_PROVIDED INFORMATION_.
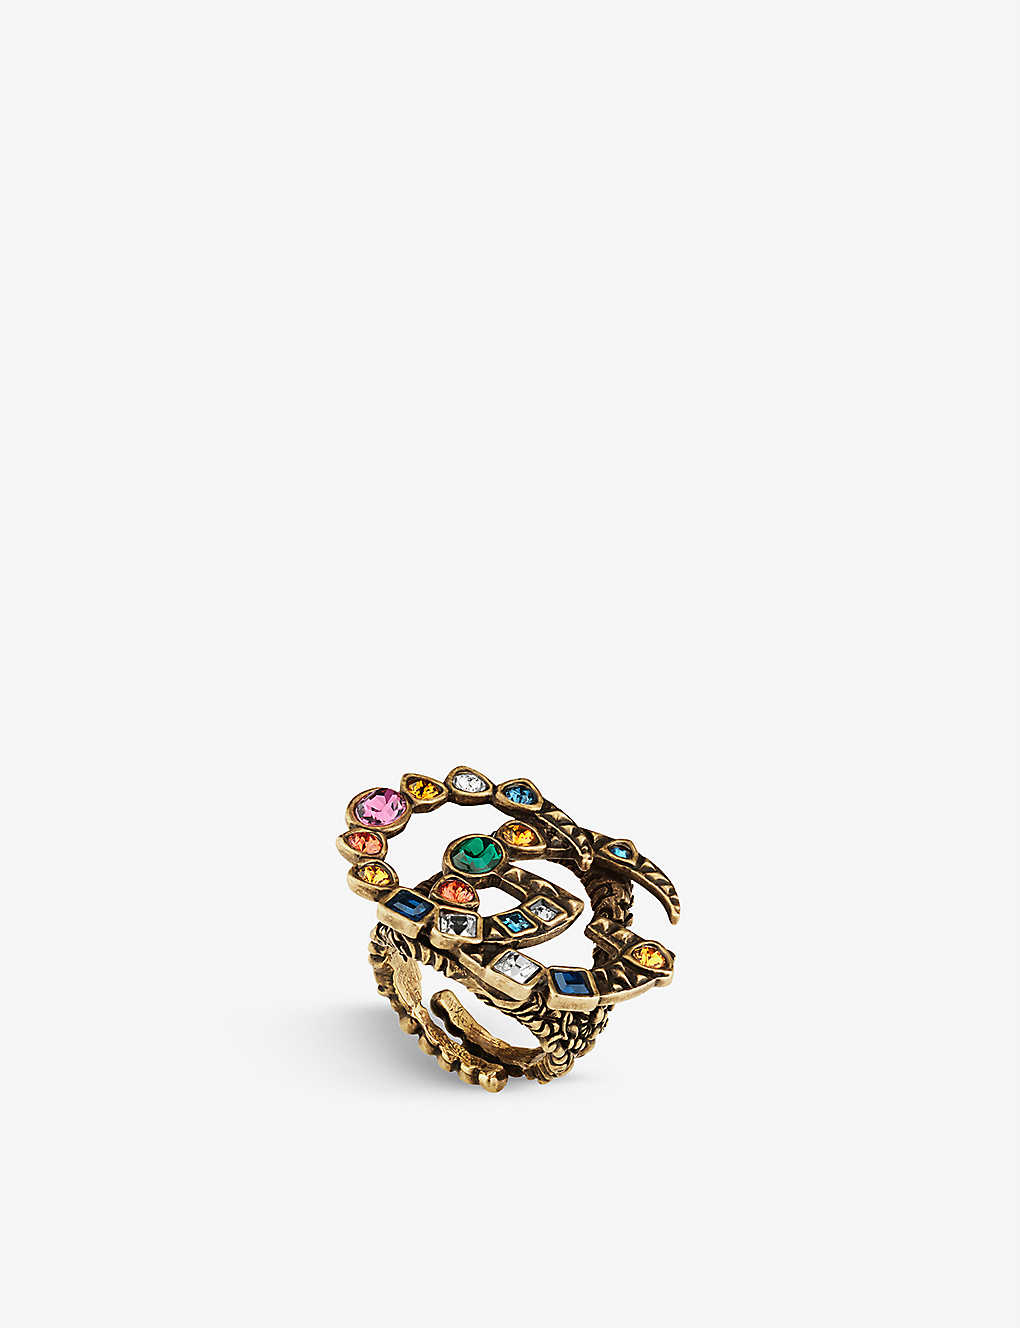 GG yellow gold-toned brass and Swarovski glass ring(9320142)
* * *
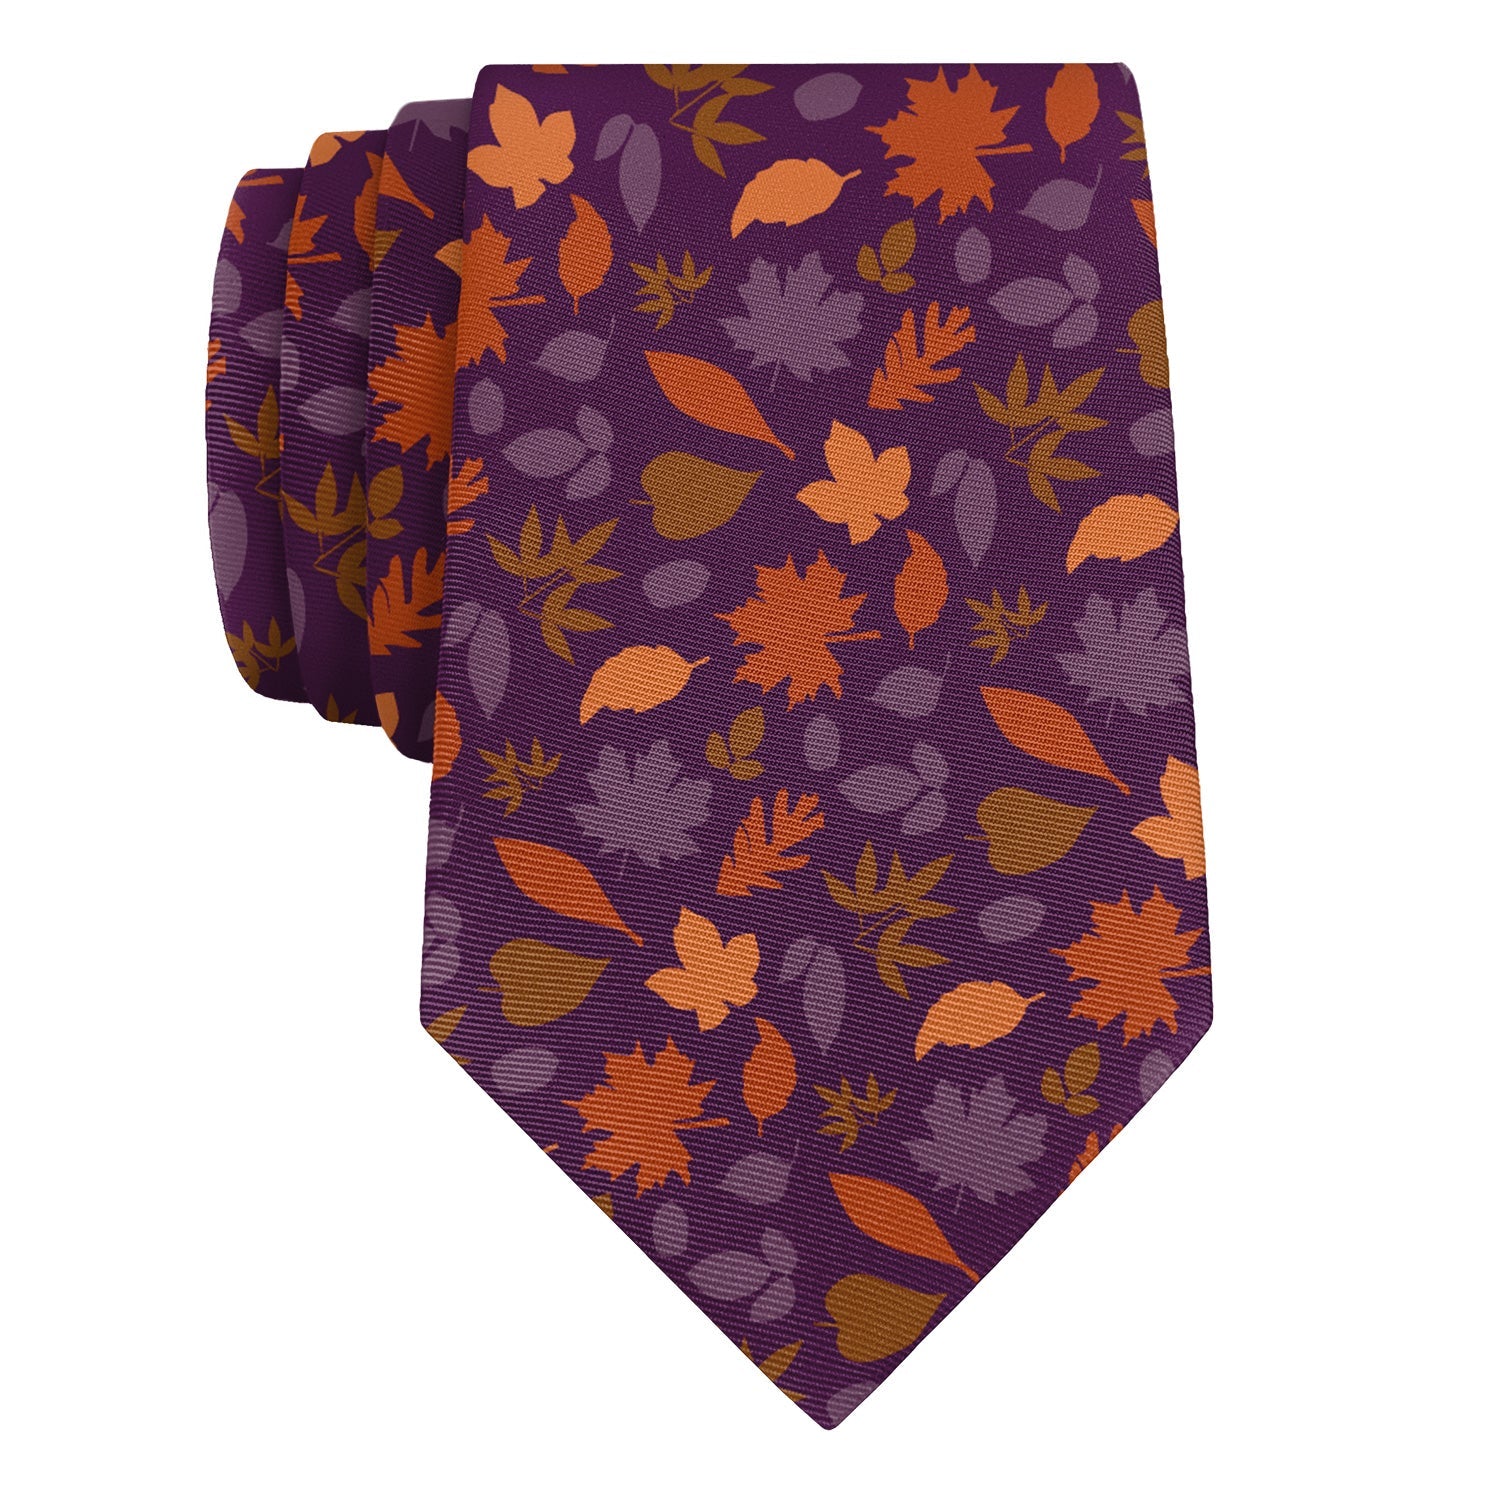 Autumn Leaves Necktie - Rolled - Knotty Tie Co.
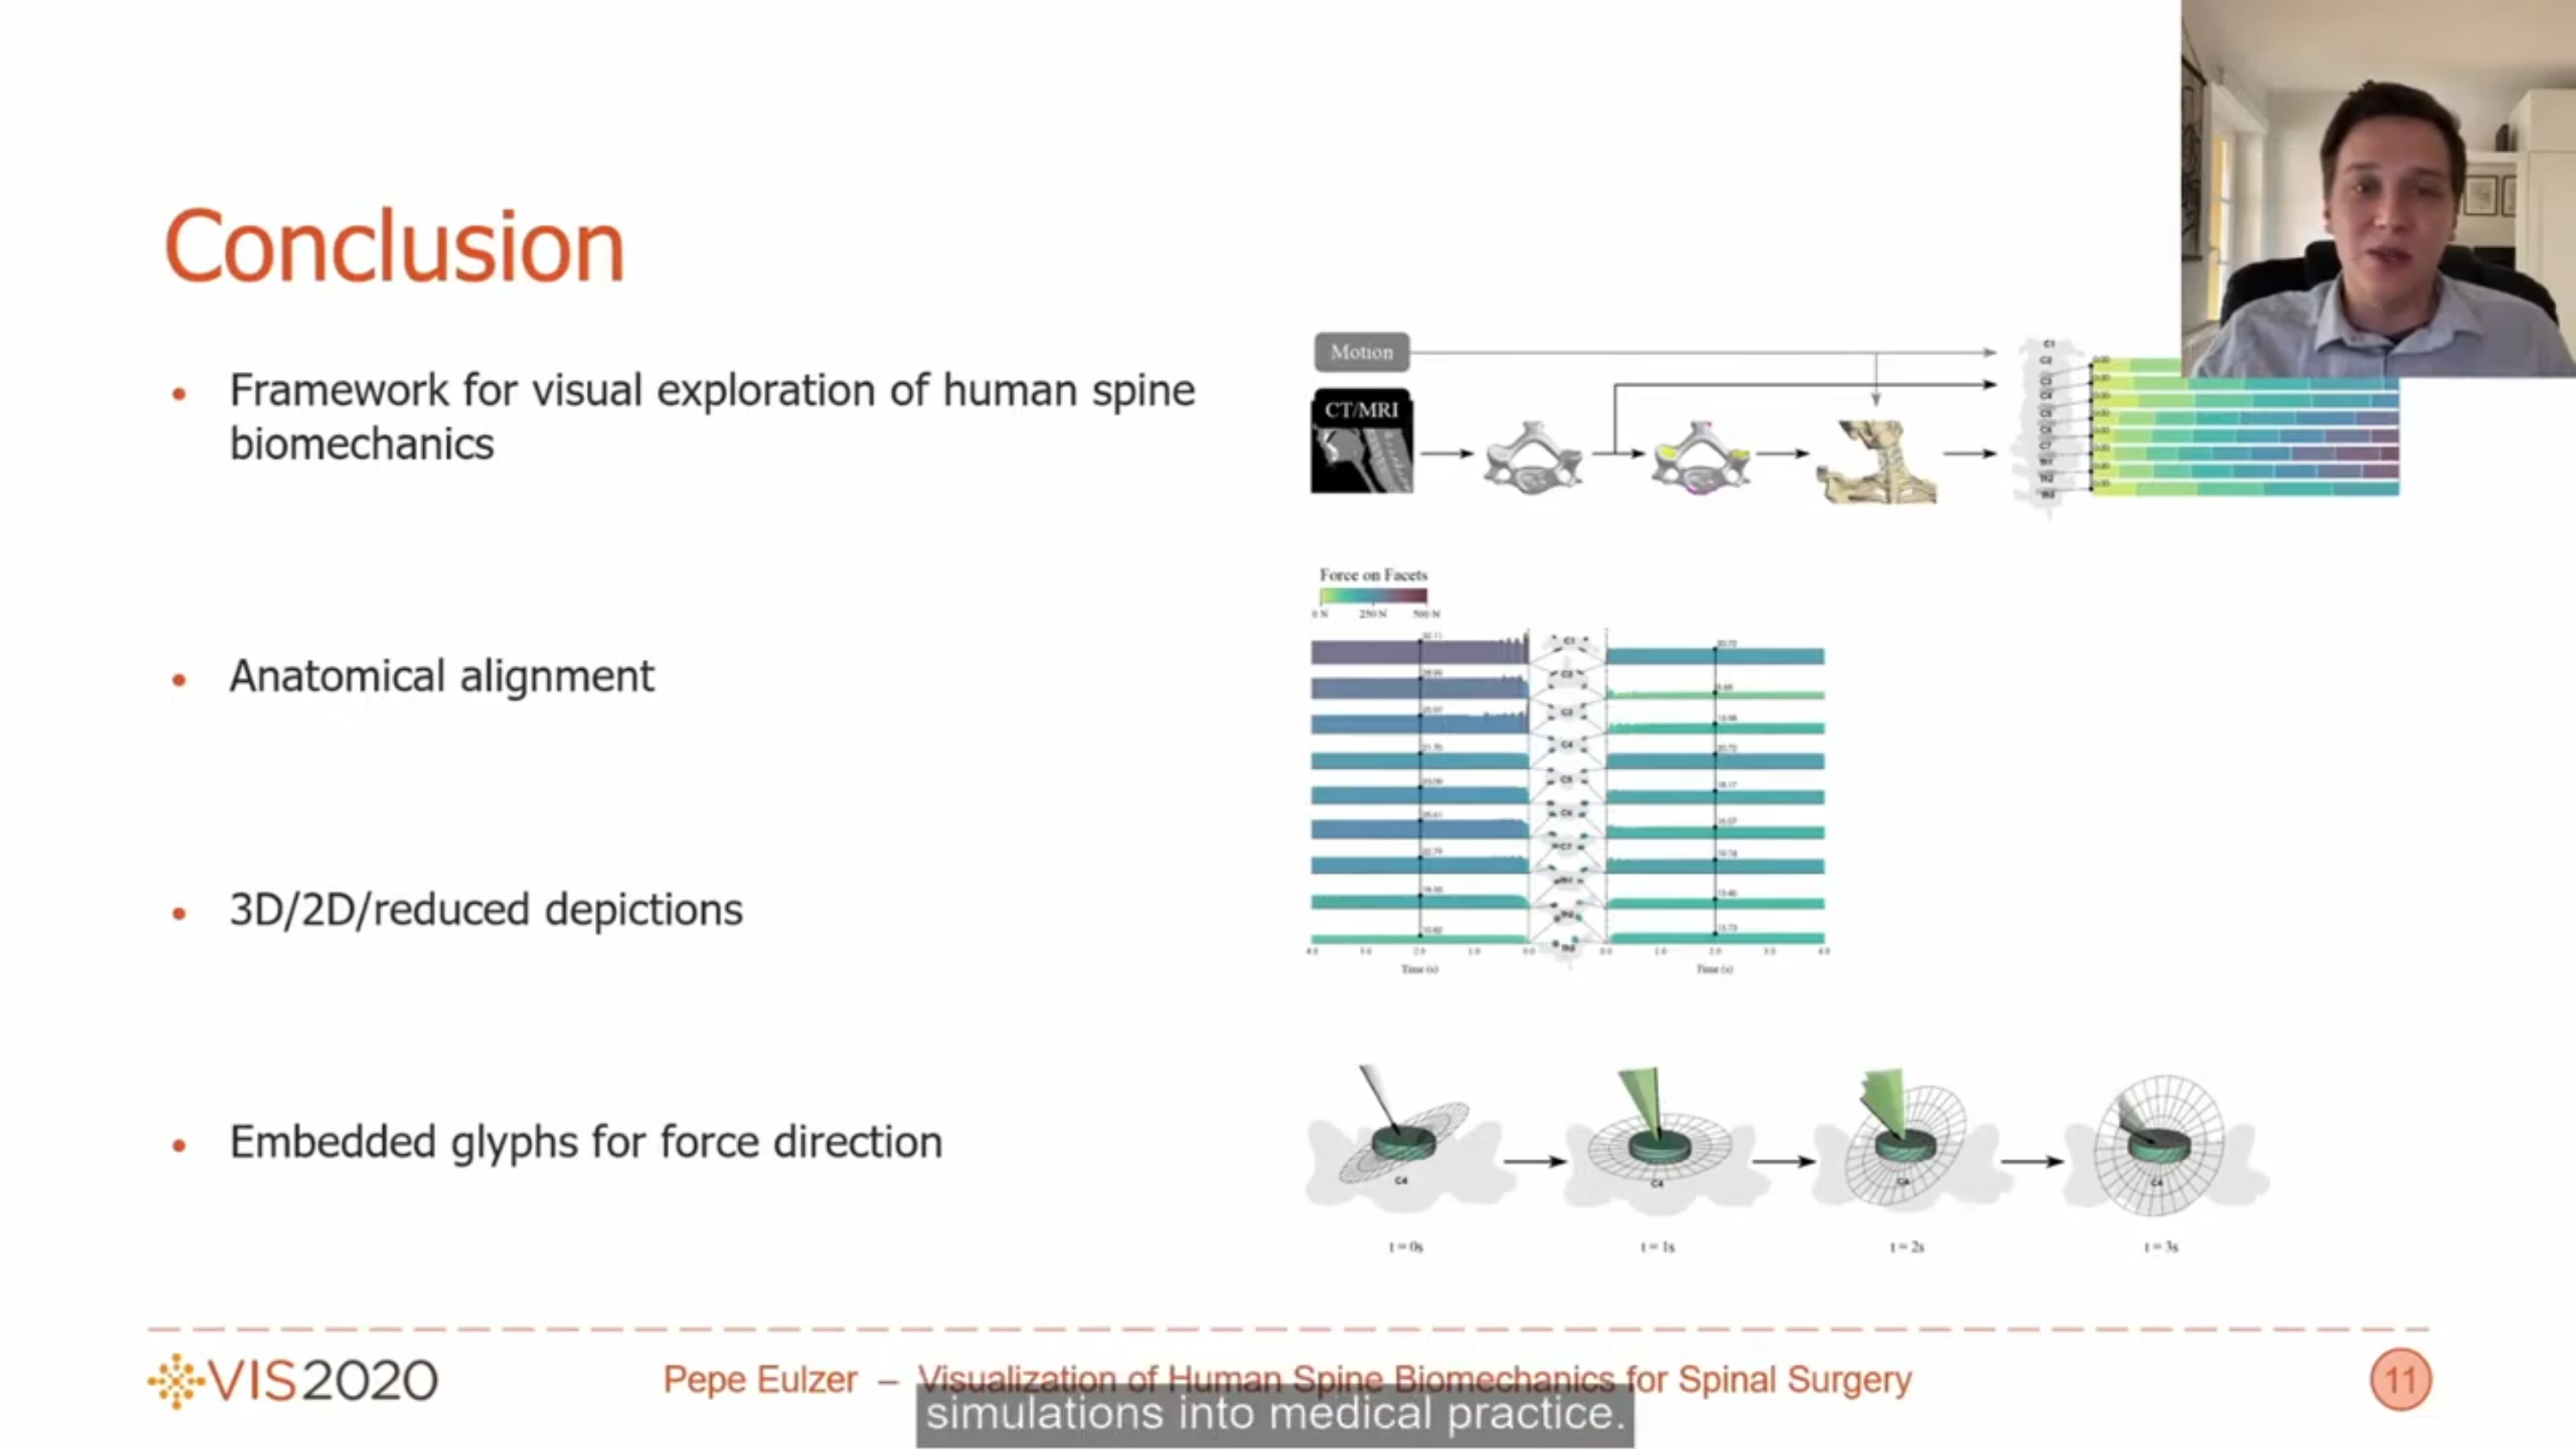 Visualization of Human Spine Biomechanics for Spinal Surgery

_EXERCISE_.
Go to the line above holding "Autumn Leaves Necktie", then copy exactly each line down to and including the one holding "Visualization of Human", leaving pictures out.

_RESPONSE AREA_.
 Autumn Leaves Necktie - Rolled - Knotty Tie Co.
 Visualization of Human Spine Biomechanics for Spinal Surgery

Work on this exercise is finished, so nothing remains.